Passion – I think there must be a kind of passion inherent in joy; that sense of intensity, what else can we call it? But I also sense that, with age, perhaps we develop an awareness of different shadings of passion.

In the context of loving partnerships we draw a distinction between the initial fire of romantic love and the deeper rootedness of enduring love. Some class only the first as ‘passion’. It seems to me limiting to see only ‘fire’ as passion.  There is just as much intensity in the depths of a still pool. Joy is inherent in both.

If I define passion in this way, then I believe it is indeed an ingredient in the experience of joy. However, I am not at this point clear whether the relationship is as cause or effect.

Meaning – It seems to me that those experiences that people cite as bringing them joy invariably carry a deep personal significance.  These include the great ‘human’ events, such as falling in love, marriage, birth. They include specific relationships – with partners, with children, with friends, with pets. Then there is the response to nature and natural beauty, to the arts, or to religious experience

We respond to those things we find ‘meaning-full’ in some way. However, when I look at all of these, what strikes me is that what underlies our joyful response is a sense of connection beyond ourselves to another being – human, animal or divine – or to nature and/or the universe.

So my question her is, is what is important connection and does our perception of meaning first require a sense of connection? In a world that is, superficially, increasingly connected yet in which at a deeper level there is anomie and rootlessness, this would explain the lack of a clear sense of and capacity for joy.

Engagement, flow and ‘nowness’ – I think it is almost impossible to experience joy unless you are fully present. Therefore it this trio seem increasingly to be pre-conditions for cultivating a capacity for joy.

The place of passion

Should we ‘follow our passion’? Should we ‘bring passion’ to everything we do?  Where does this idea of passion fit into our experience of and creation of joy?

I find myself caught between these two positions, not sure which is the truer path or whether there is a middle way.

My experience and observation suggest that, in ‘following our passion’, there can be great satisfaction, richness and intensity; however, this may also be seductive. That very intensity can become one more addictive ‘high’, increasingly compulsive and often ego-driven.

Instead of leading us to fulfilment, our talents and passions may thus easily become our curse. I know that sometimes, when I face in this direction, I become caught up in a sense of being ‘driven’ to achieve an end.  I am not convinced that this ultimately leads me towards peace or joy. Perhaps there is a fine line between passion and obsession.  One’s passions can bring one utterly into the moment, yet they can also become the stuff of illusion, drawing us to some elusive ‘goal’ that deflects us from experiencing the now.

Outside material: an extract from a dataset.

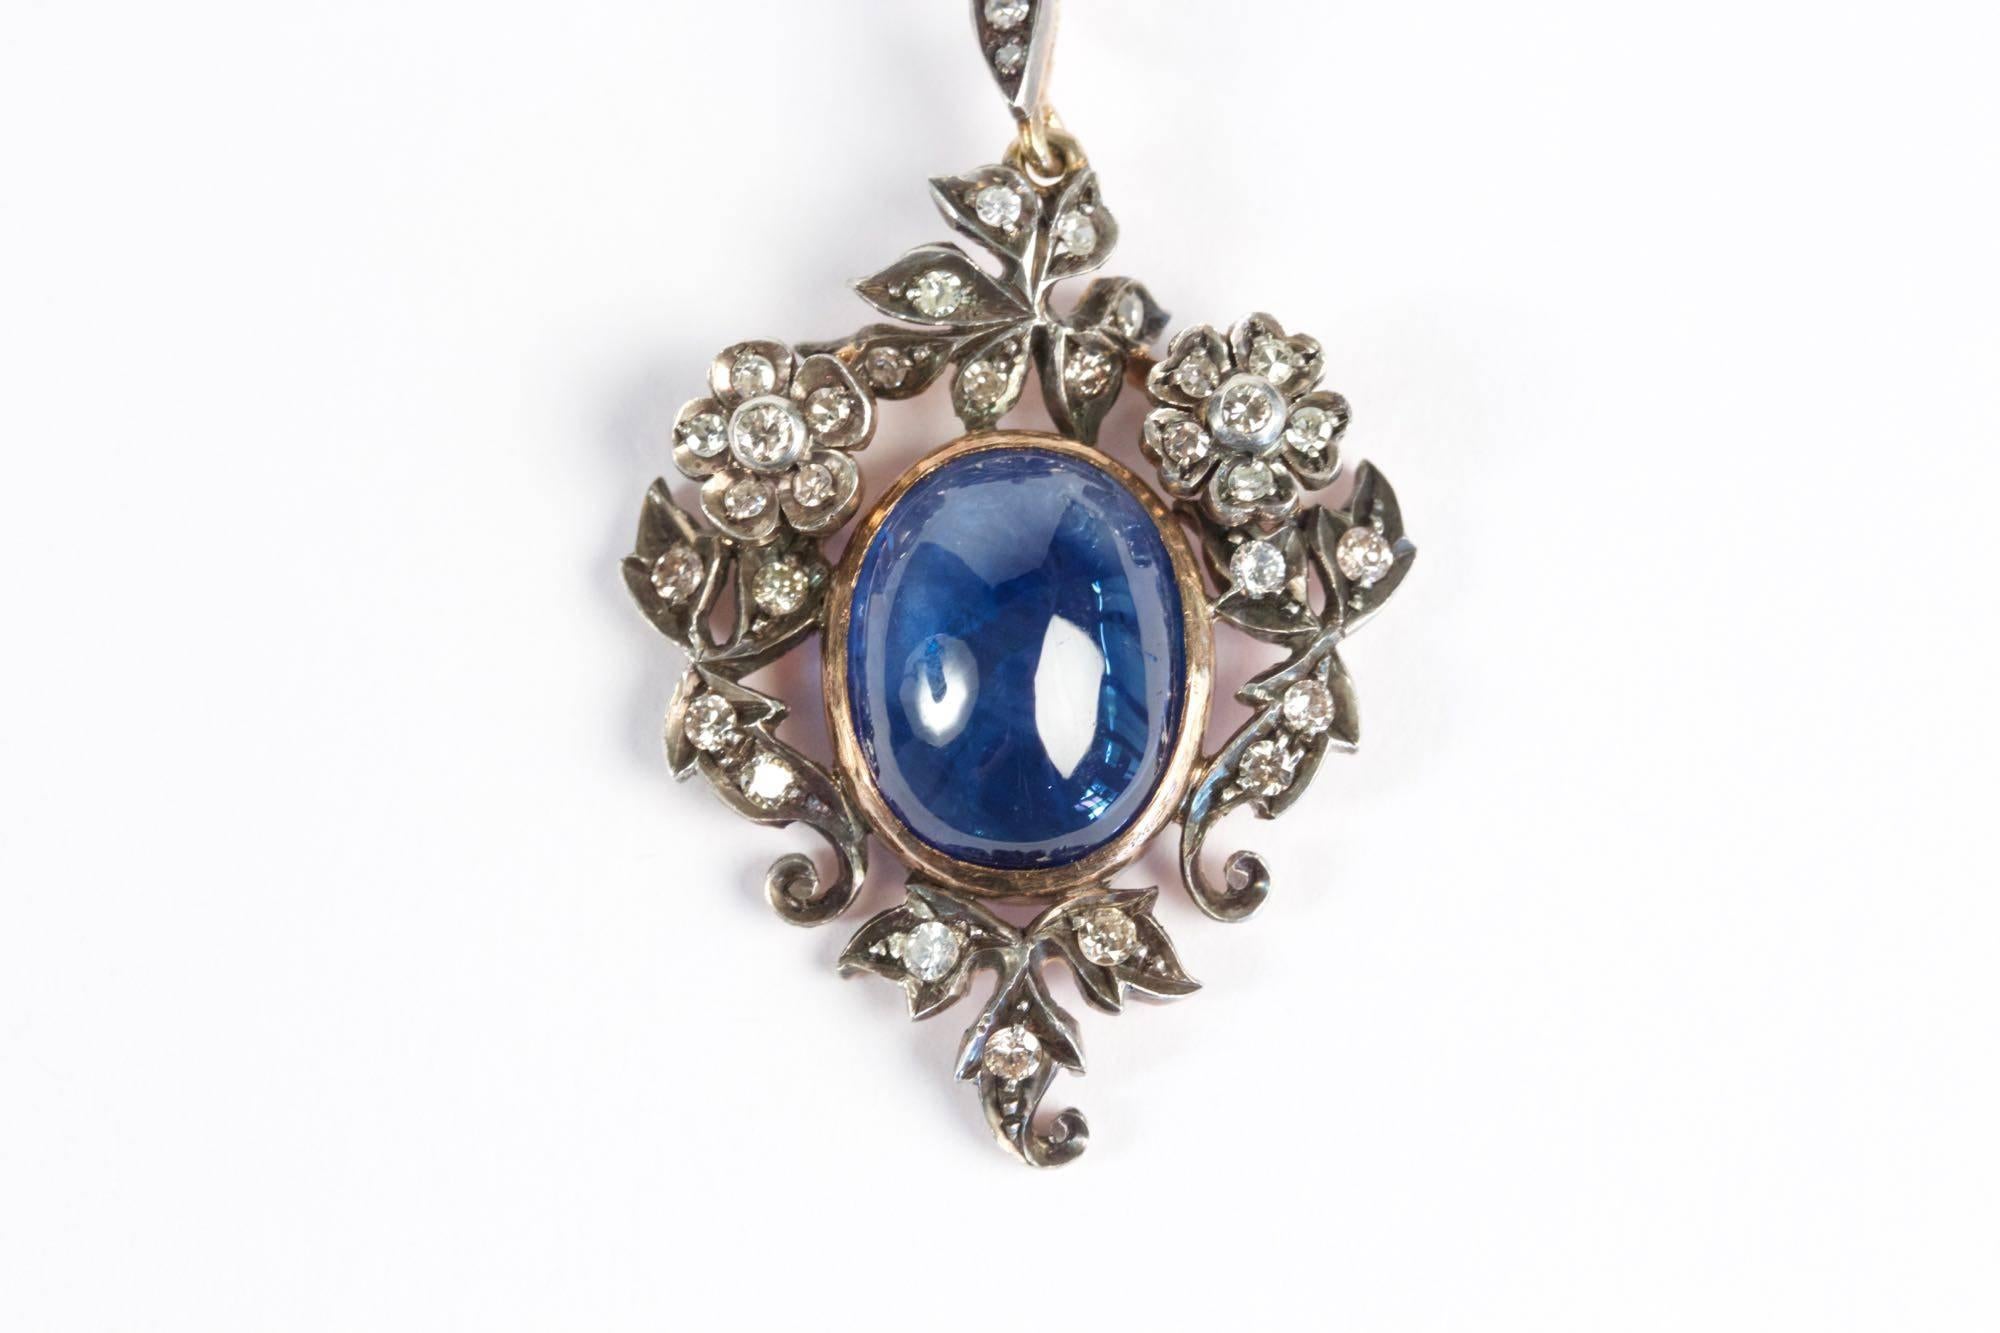 Necklace with 18k gold pendant set with Ceylan Cabochon Sapphire (approximately 10 carats) and old cut Diamonds flowers (total diamonds weight estimated at approximately 1.80 carats). Platinum chain. Circa 1870.

Maybe it really is the case that it’s not what you do but the way that you do it that matters. I am beginning to realise that I find it much simpler to remain grounded and non-attached when I am not over-invested in what I do. Instead, if I try to bring my passion for life and sense of joy to the task in hand, whatever it may be, to imbue it with all the dimensions that my experience allows me to bring to it, I seem to find a rich vein of transformation. The focus is not on the doing, but on the ‘being within the doing’. Flow and engagement are essentially qualities of being, not of achievement.

Perhaps passion, in this context, is essentially a quality of authenticity, which itself must be built on a clarity as to one’s sense of meaning or higher purpose.